* DATASET ENTRIES:
•••

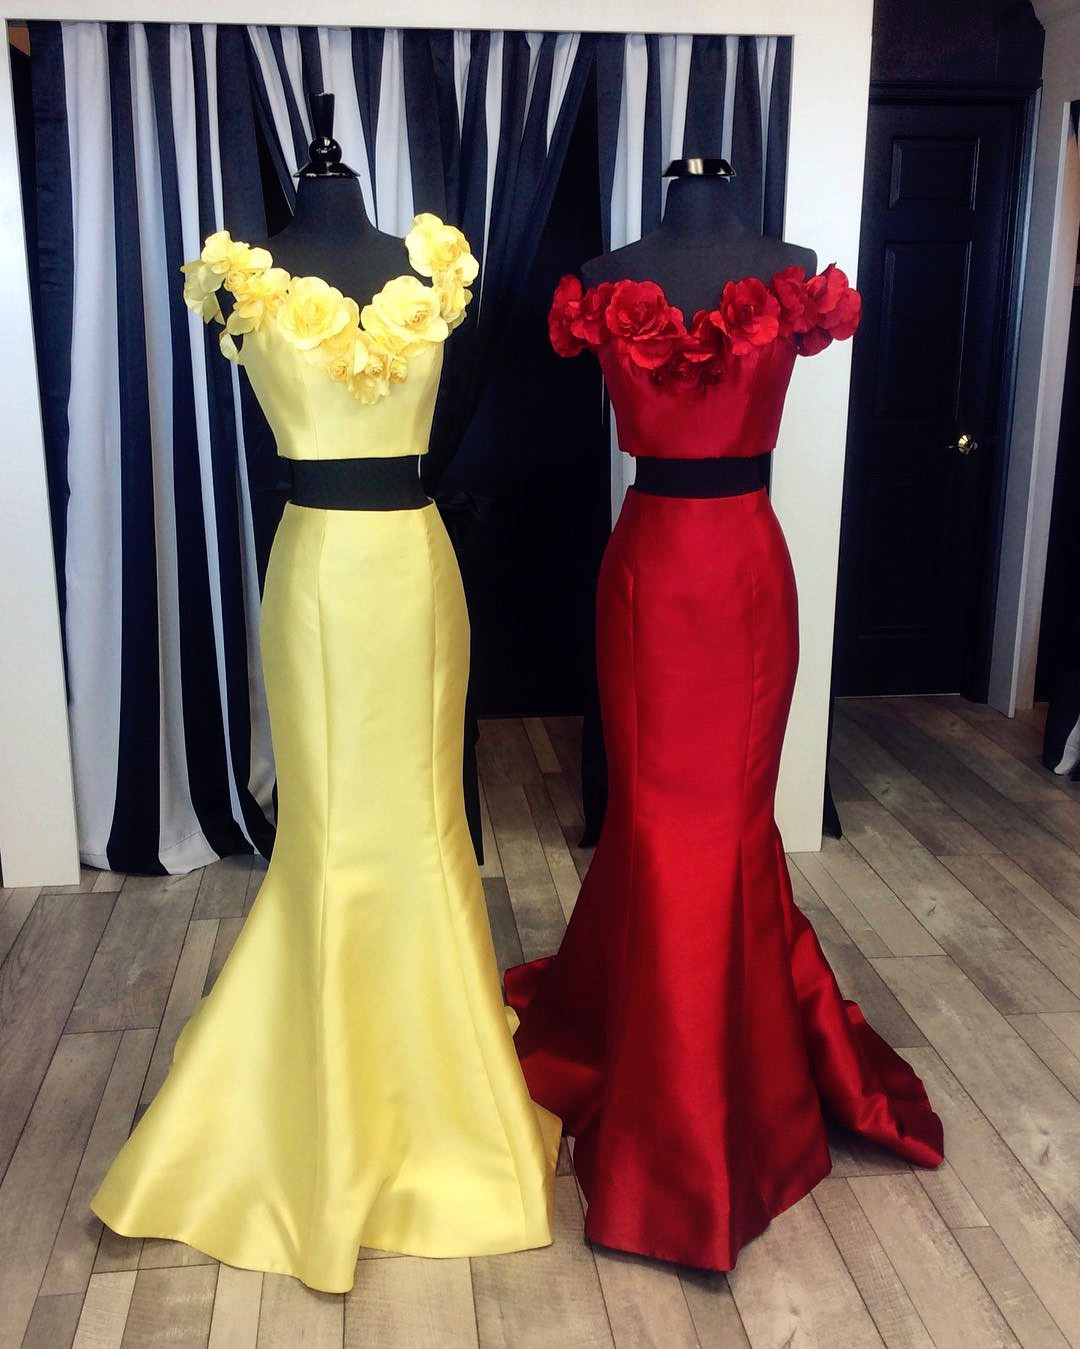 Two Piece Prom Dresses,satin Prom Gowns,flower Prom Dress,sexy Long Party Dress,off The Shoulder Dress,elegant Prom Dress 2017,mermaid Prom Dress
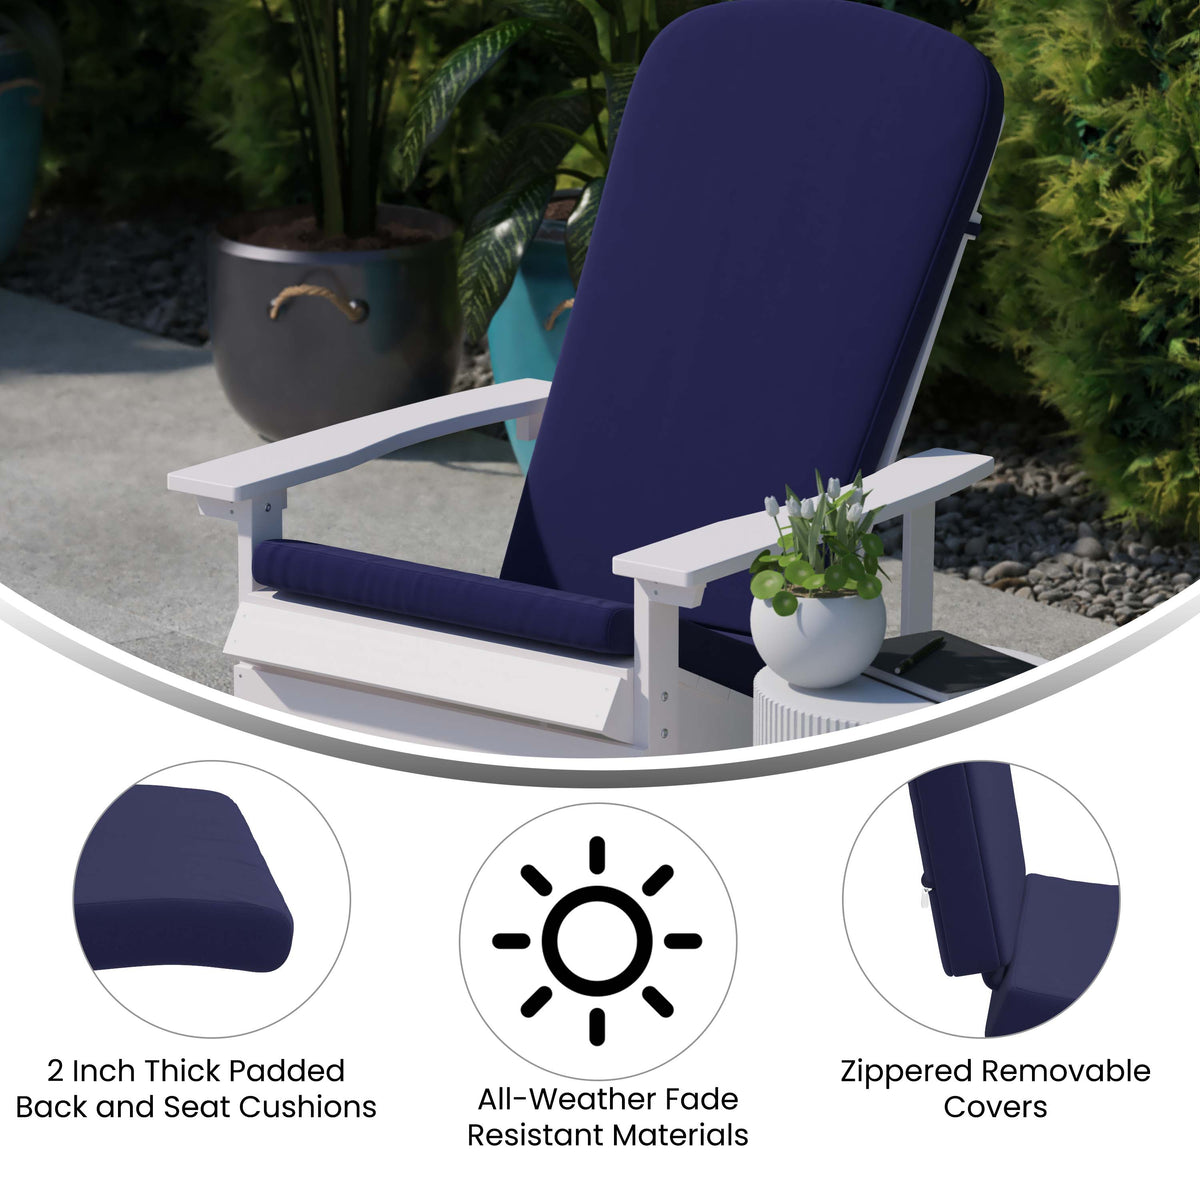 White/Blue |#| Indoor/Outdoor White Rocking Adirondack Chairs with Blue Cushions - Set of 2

•••

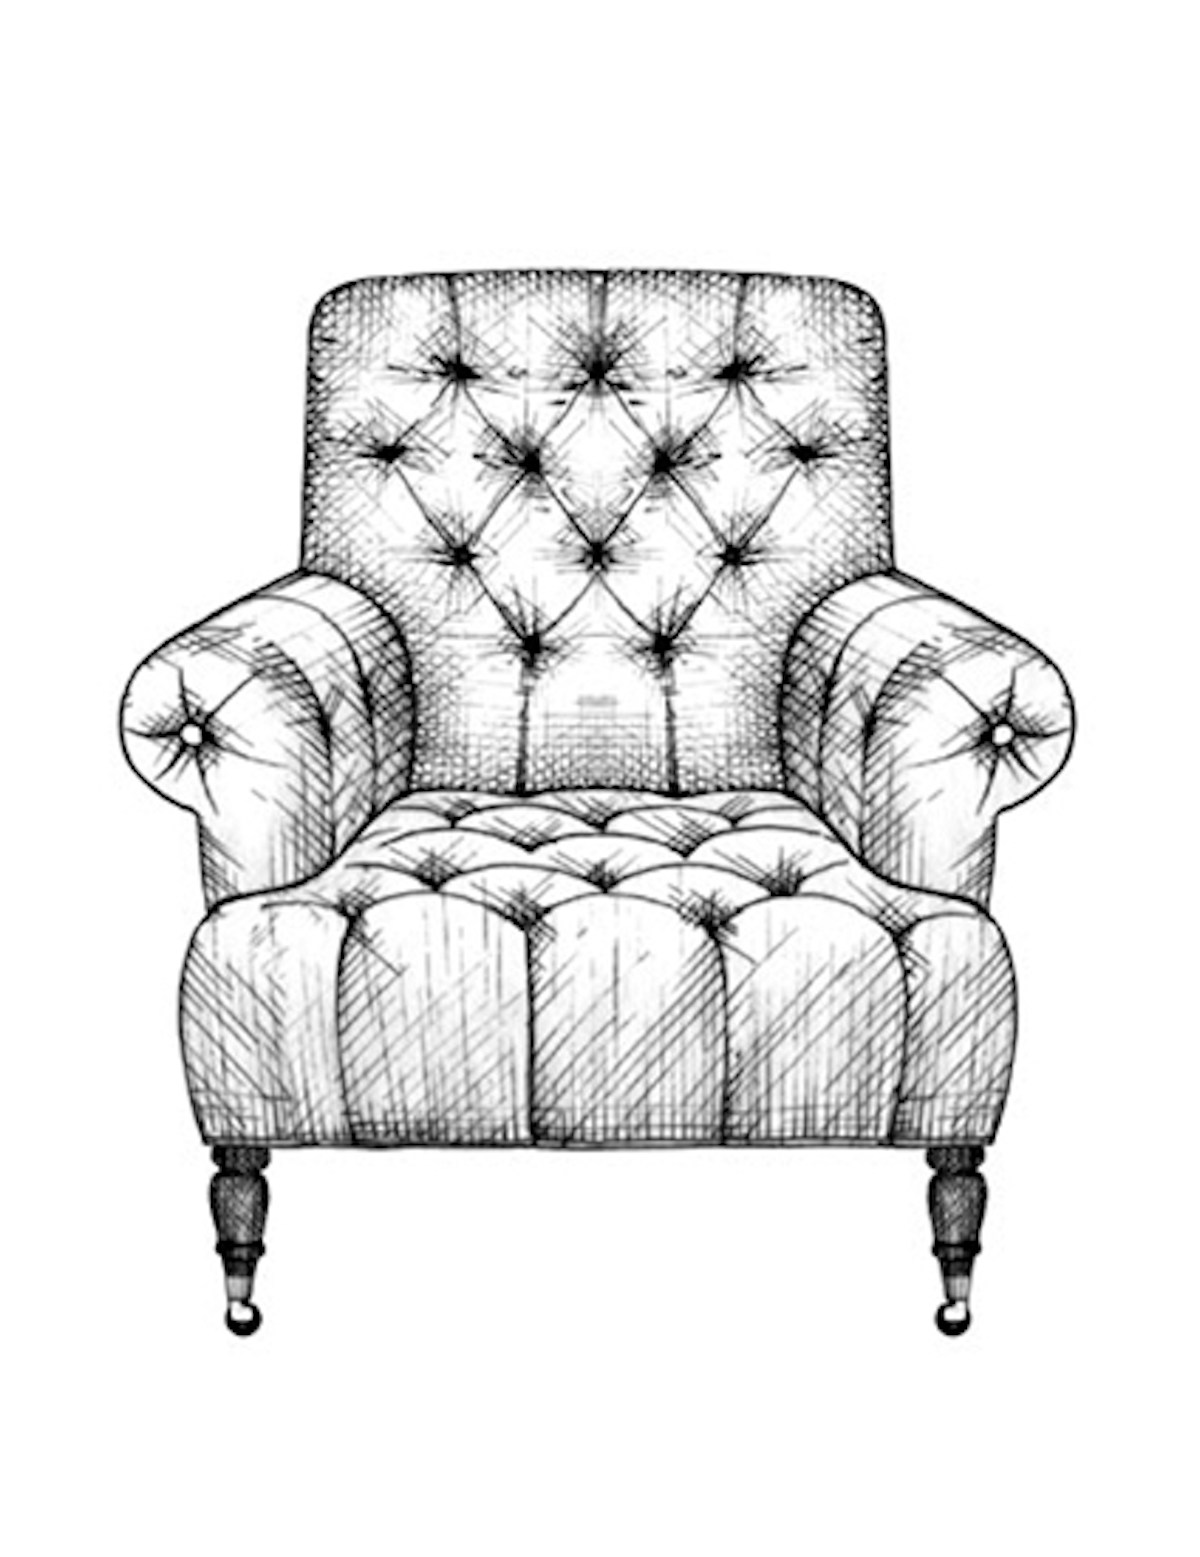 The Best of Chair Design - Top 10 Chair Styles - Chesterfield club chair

•••

* TASK REQUIREMENTS:
Using the entries above, write out exactly the lines from the one with "Two Piece Prom" through the one with "White/Blue |#| Indoor/Outdoor", ends included. Leave out any pictures.

* SOLUTION FOR THIS TASK:
 Two Piece Prom Dresses,satin Prom Gowns,flower Prom Dress,sexy Long Party Dress,off The Shoulder Dress,elegant Prom Dress 2017,mermaid Prom Dress
 White/Blue |#| Indoor/Outdoor White Rocking Adirondack Chairs with Blue Cushions - Set of 2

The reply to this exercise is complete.